Chicago Parking Meter Deal: City Council Approves Mayor's Tweaks To Contract Despite Concerns

City Council OKs Rahm's Controversial Parking Meter Deal

The Chicago City Council voted Wednesday to approve a proposed rework of the city's controversial parking meter deal.

The council voted 39-11 in favor of the plan pushed by Mayor Rahm Emanuel. The mayor claims the tweaked plan could save the city $1 billion bills in the years ahead. The City Council's Finance Committee had already approved the plan in a 14-5 Monday vote.

Voting no on the measure were Alds. John Arena (45th), Rey Colon (35th), Bob Fioretti (2nd), Leslie Hairston (5th), Harry Osterman (48th), Ameya Pawar (47th), Brendan Reilly (42nd), Debra Silverstein (50th), Michele Smith (43rd), Tom Tunney (44th) and Scott Waguespack (32nd).

Fioretti was among the councilmembers who spoke against the mayor's plan during a lengthy debate preceding the vote, referencing the initial approval of the parking meter lease and asking, according to WGN, "Do any of us remember 2008? Did we not learn anything?

Emanuel's tweaks to the city's deal with Chicago Parking Meters LLC, which leased some 36,000 of the city's meters in a $1.2 billion, 75-year privatization deal in 2008, include free parking on Sundays and extended meter hours every other day (from 9 to 10 p.m.), most dramatically in the River North area (from 9 p.m. to midnight).
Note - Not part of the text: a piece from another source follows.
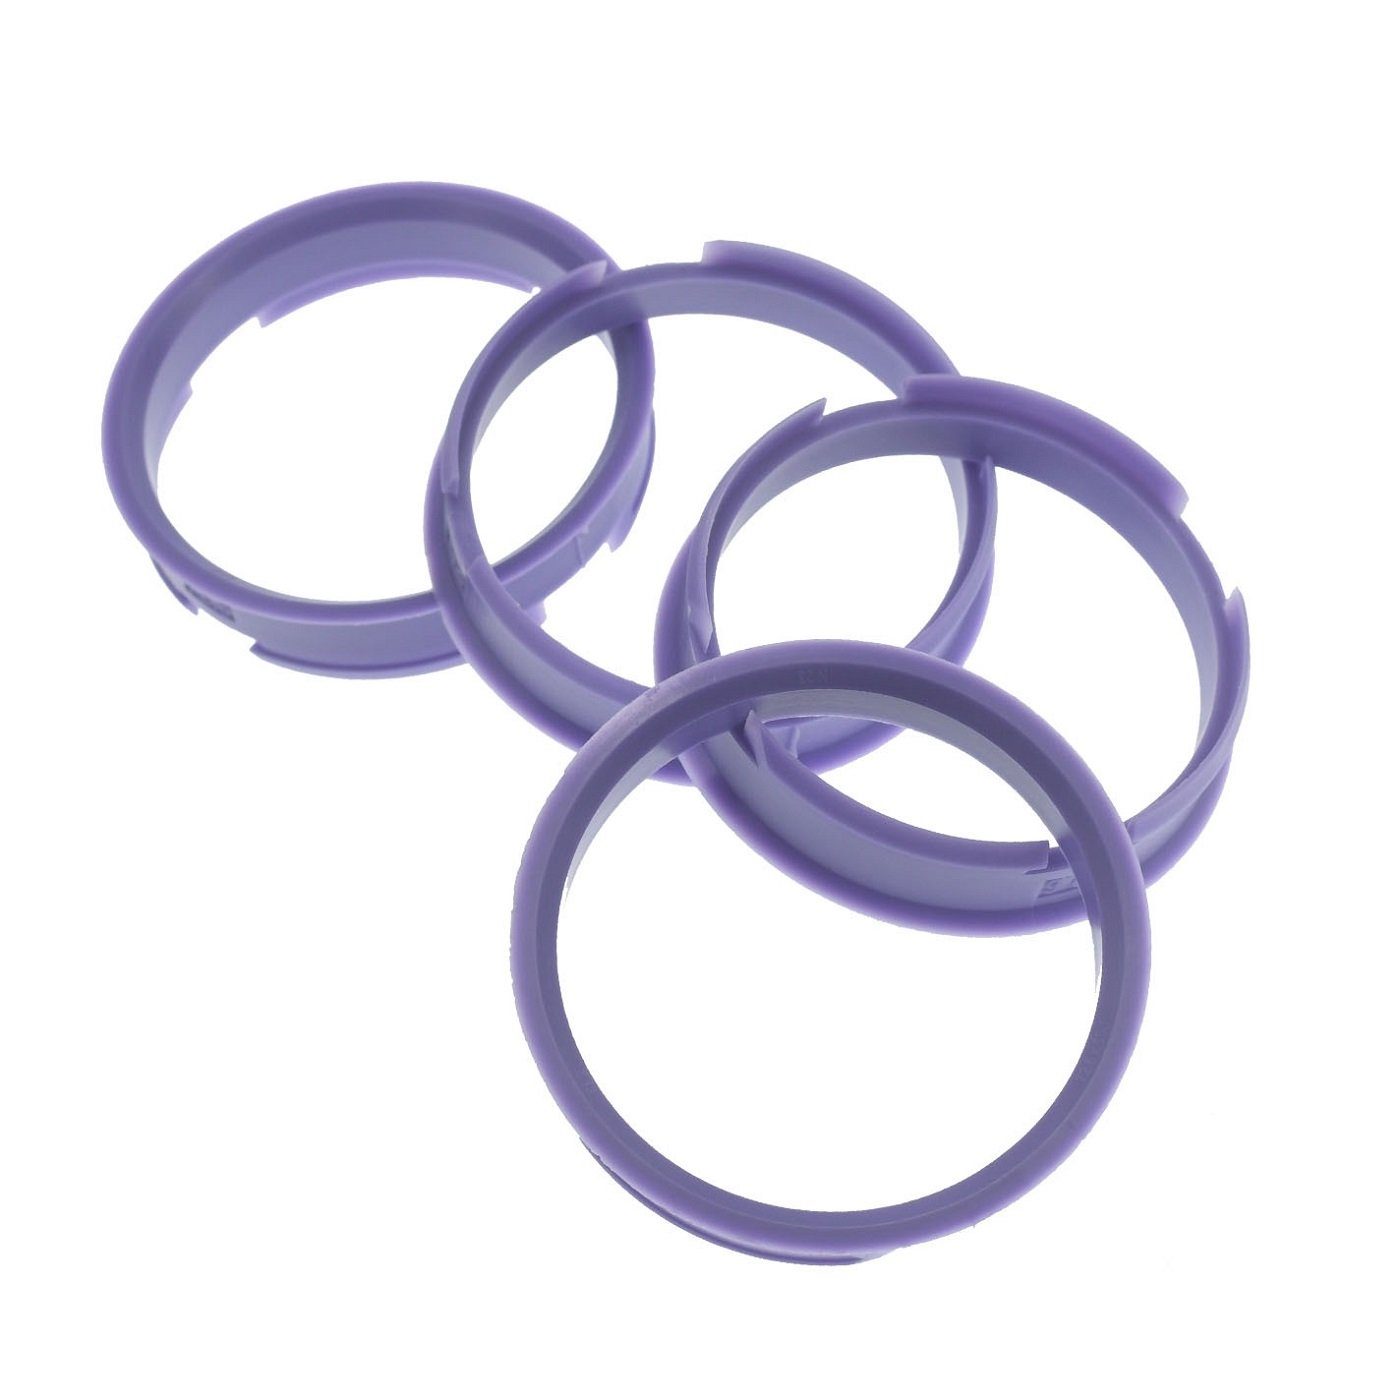 RKC Reifenstift 4X Zentrierringe lila Felgen Ringe Made in Germany, Maße: 72,6 x 66,1 mm

The free Sunday parking is expected to go into effect in late summer.

Supporters of the mayor's plan -- which will includes allowing drivers to pay for parking using their cell phones, for a $0.35 transaction fee, beginning in the summer of 2014 -- said the Council should not turn away from an opportunity to reduce the payout to CPM. As supporter Ald. Jason Ervin (28th) said according to NBC Chicago, "We are tripping over hundred dollar bills to pick up nickels. As a council we would be irresponsible not to do this."

Though the mayor's office has claimed the new deal will save the city money in the long term and make the unpopular contract "a little less bad for the next seven decades," analyses from the Chicago Tribune, Chicago Reader and others have suggested the math behind such a claim is fuzzy at best.

Last year, CPM enjoyed a $30 million surge in meter revenue. The company's 2012 revenue is an even bigger increase over the approximately $24 million the city made off the meters in 2008.